I'm currently working on my data analytics bike-share capstone project and I've had some trouble searching for a way to do this, I'm probably wording this incorrectly but I'll try and explain it.
I'm working with a dataset of 13 rows that contains 4 of the following: start_station_name, start_station_id, start_lat and end_lng.
There are a bunch of missing info on those columns, but we have the data to deduce most of what the info is in order to salvage the data for the sake of cleaning (learning), so here is the question:
I was thinking of running something like:
IF start_lat = known_number_1 and start_lng = known_number_2 THEN mutate start_station_name = X and start_station_id = Y
is there any way to do something like this? Where should I look for info regarding it?
You'll be better off creating a csv file with all known long/lat with station names, and reading the file and joining with your original data.frame that has missing values.
If you post sample data frames - 1) base data and 2) station names using dput, we can give some specific guidance how to handle it.
Hello and thank you for the reply!
I already know how to export to csv but I have no idea on how to create the table that would suffice my needs
That is creating a table with every row that has missing values.
Could you point me at what kind of function I should look for this kind of task?
Sure thing! this is the head of the data right after I mergeed the dataset into a single table.
Also plz let me know if there is a better way to share it, it seems kinda messy so I've added a image.
head(full_data) #See the first 6 rows of data frame. Also tail(full_data)

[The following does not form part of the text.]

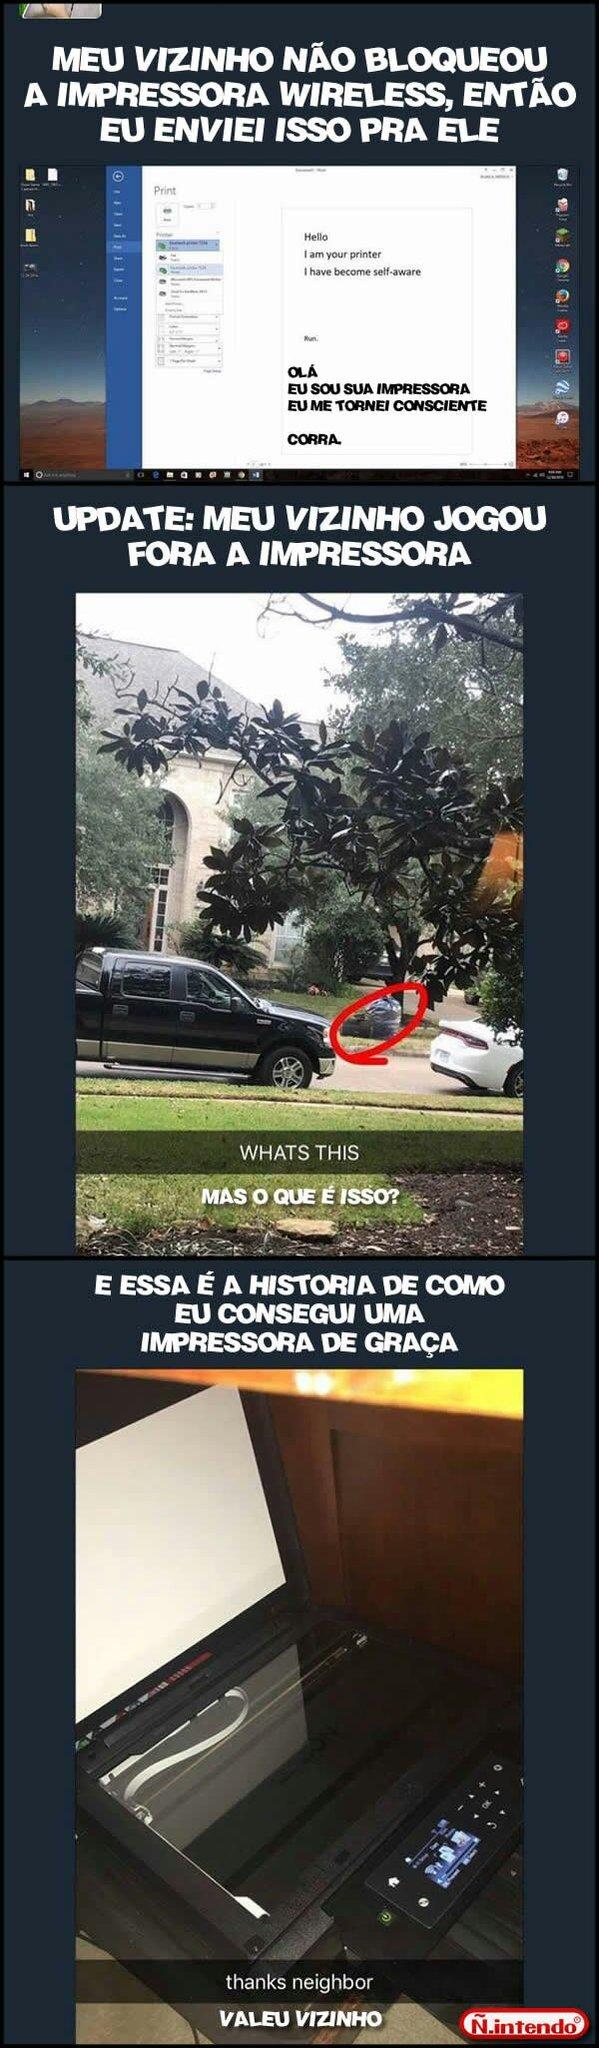 IMPRESSORA DE GRAÇA! - meme
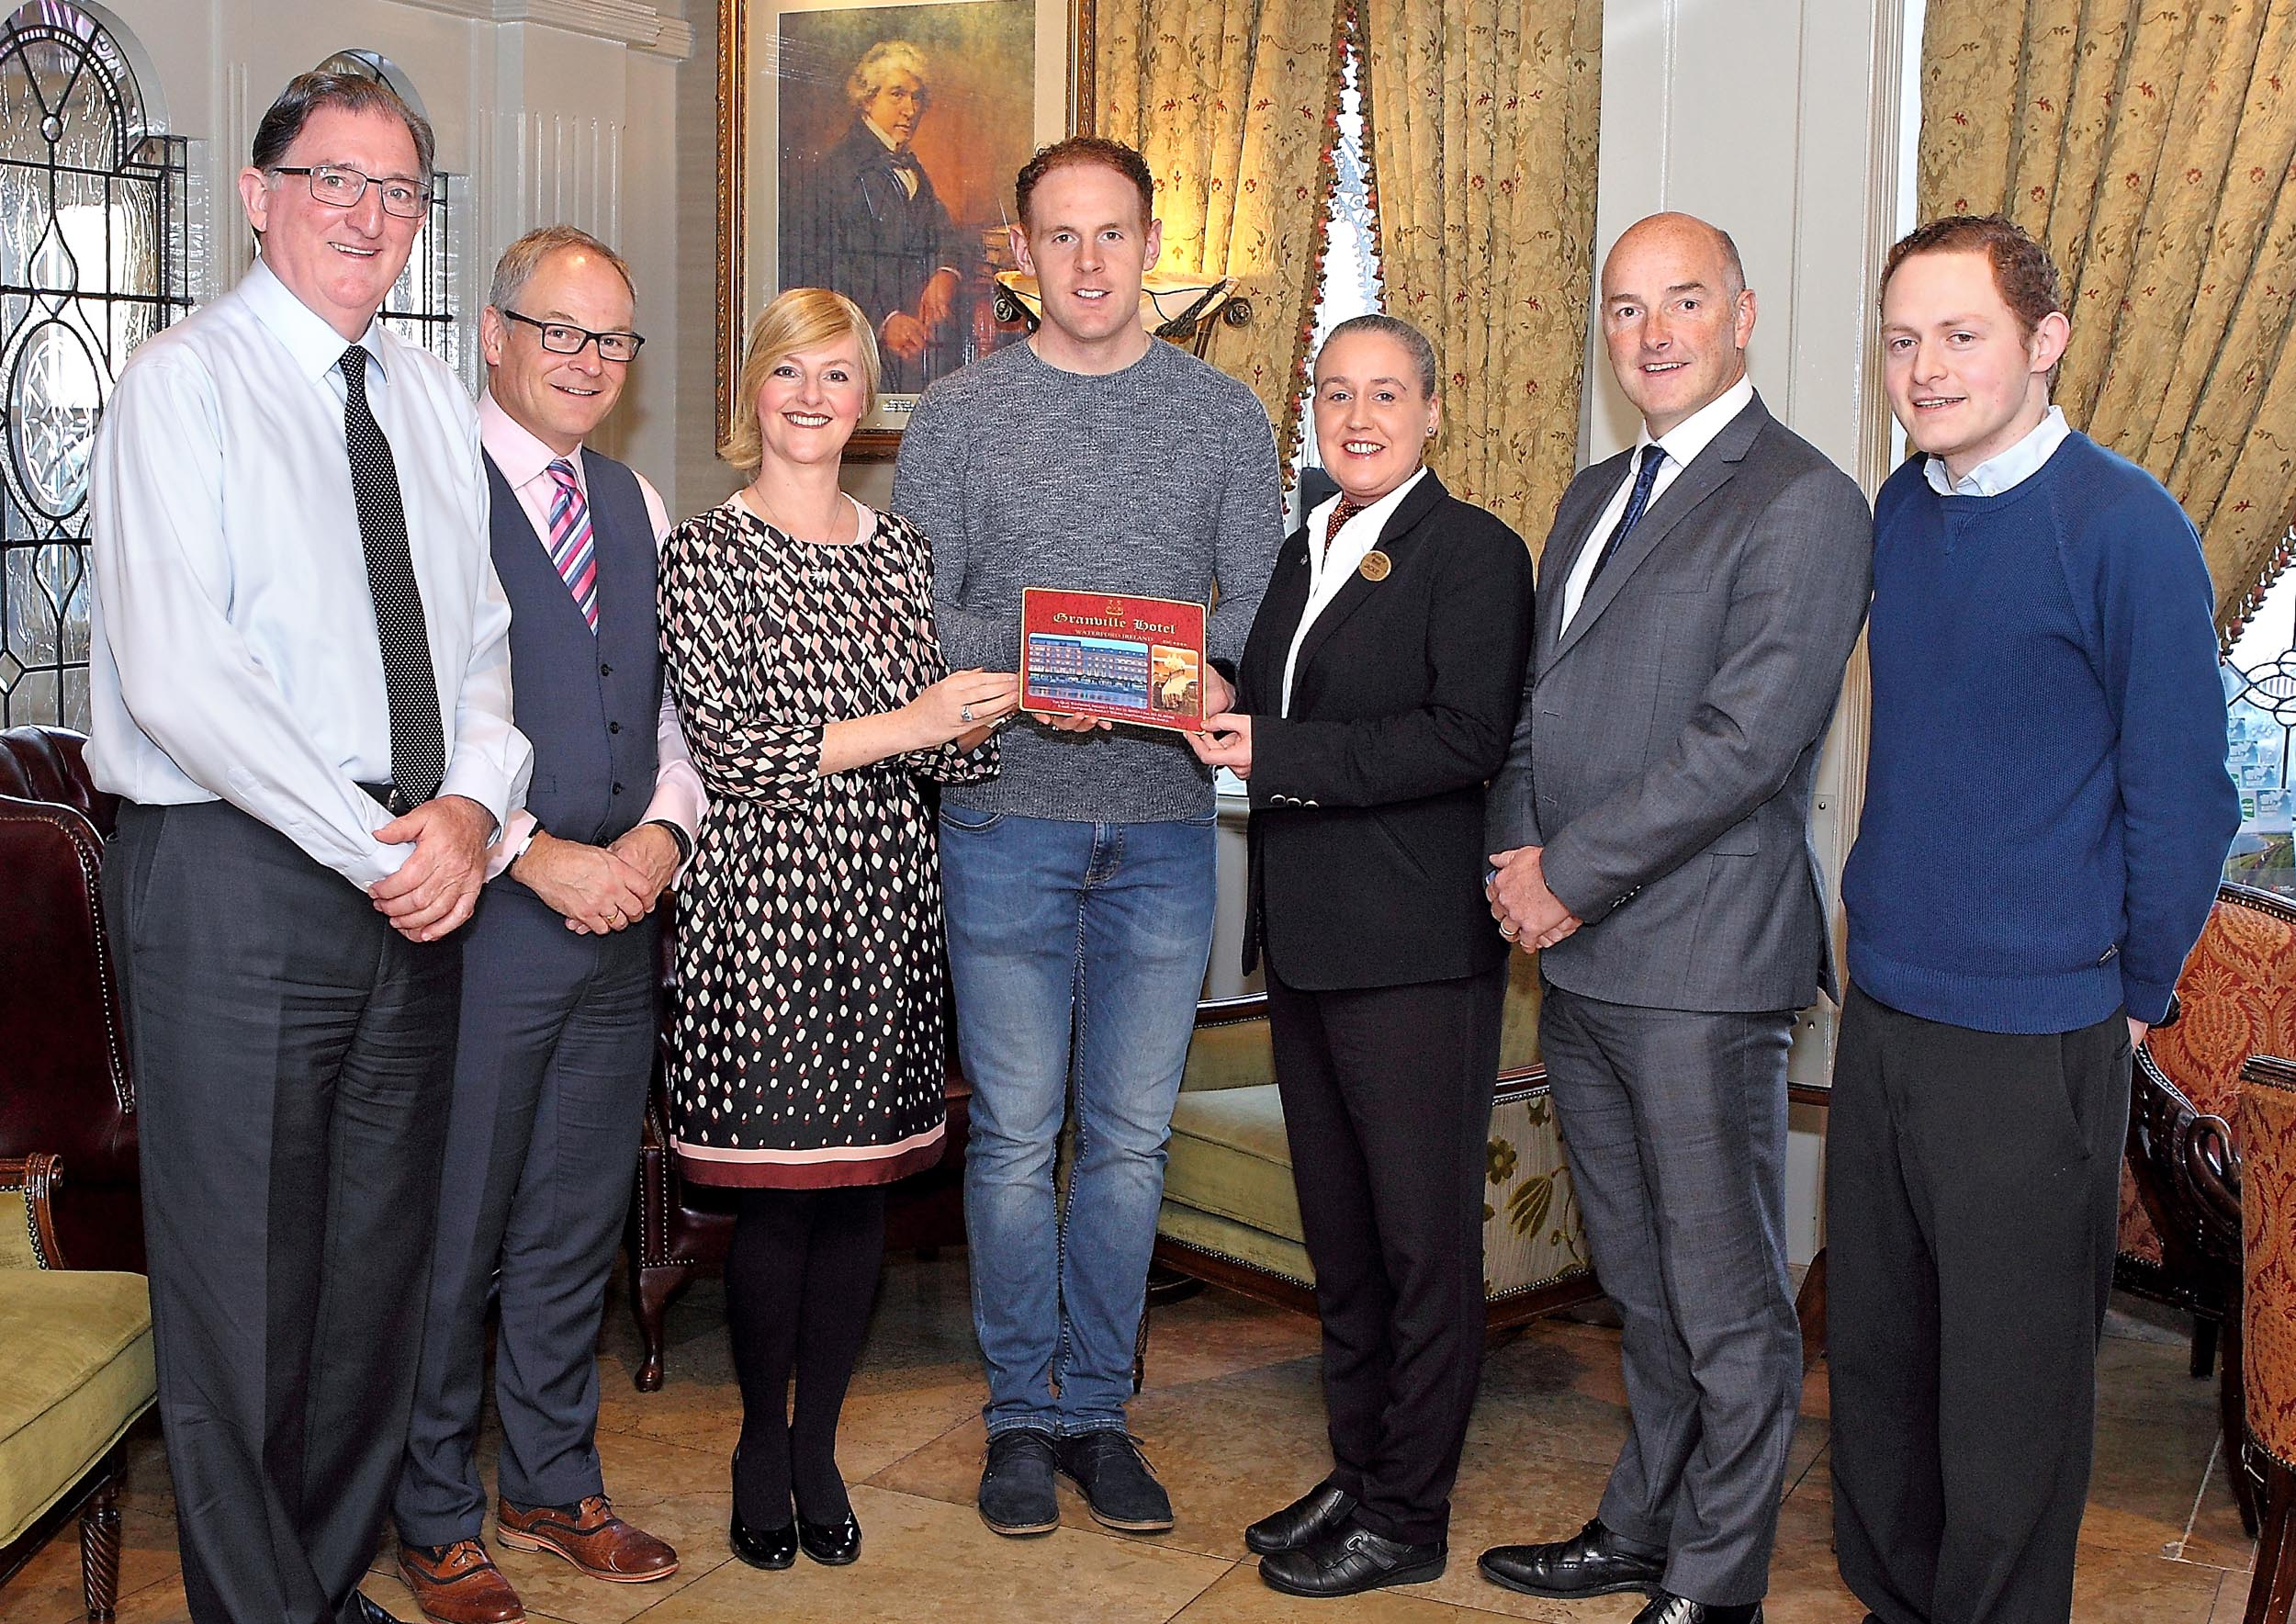 Kevin Moran is the September winner of the WLR / Granville GAA Award

ride_id rideable_type started_at ended_at start_station_name start_station_id end_station_name end_station_id
1 EC2DE40644C6B0F4 classic_bike 2022-05-23 23:06:58 2022-05-23 23:40:19 Wabash Ave & Grand Ave TA1307000117 Halsted St & Roscoe St TA1309000025
2 1C31AD03897EE385 classic_bike 2022-05-11 08:53:28 2022-05-11 09:31:22 DuSable Lake Shore Dr & Monroe St 13300 Field Blvd & South Water St 15534
3 1542FBEC830415CF classic_bike 2022-05-26 18:36:28 2022-05-26 18:58:18 Clinton St & Madison St TA1305000032 Wood St & Milwaukee Ave 13221
4 6FF59852924528F8 classic_bike 2022-05-10 07:30:07 2022-05-10 07:38:49 Clinton St & Madison St TA1305000032 Clark St & Randolph St TA1305000030
5 483C52CAAE12E3AC classic_bike 2022-05-10 17:31:56 2022-05-10 17:36:57 Clinton St & Madison St TA1305000032 Morgan St & Lake St TA1306000015
6 C0A3AA5A614DCE01 classic_bike 2022-05-04 14:48:55 2022-05-04 14:56:04 Carpenter St & Huron St 13196 Sangamon St & Washington Blvd 13409
start_lat start_lng end_lat end_lng member_casual
1 41.89147 -87.62676 41.94367 -87.64895 member
2 41.88096 -87.61674 41.88635 -87.61752 member
3 41.88224 -87.64107 41.90765 -87.67255 member
4 41.88224 -87.64107 41.88458 -87.63189 member
5 41.88224 -87.64107 41.88578 -87.65102 member
6 41.89456 -87.65345 41.88316 -87.65110 member
Alright. I presume you may have 100s of missing lat/lon in this data frame that you would want to fillup from a file. Where do you have the station names with known lat lon data lying? If you donot have a file and if the known lat/lon to station is a small list then we will directly paste it in code. But it is usually better to have data pulled in from a text file.
Yes, the file has something around 10 thousand entries missing data. The full file has 5860776 rows
The known info is within the same csv file, I'll need to manually collect it but since the number of stations are limited it shouldn't take too long. It should be simple once I have the missing data on a spreadsheet, then I could filter each lat lon to change the station name, the same applies filtering station to add the known lat lon, kown station lat to change the lon etc...
You had me sold on the idea of exporting the rows with misising info into a csv file to work with it on excel, why would we need the known lat lon for that?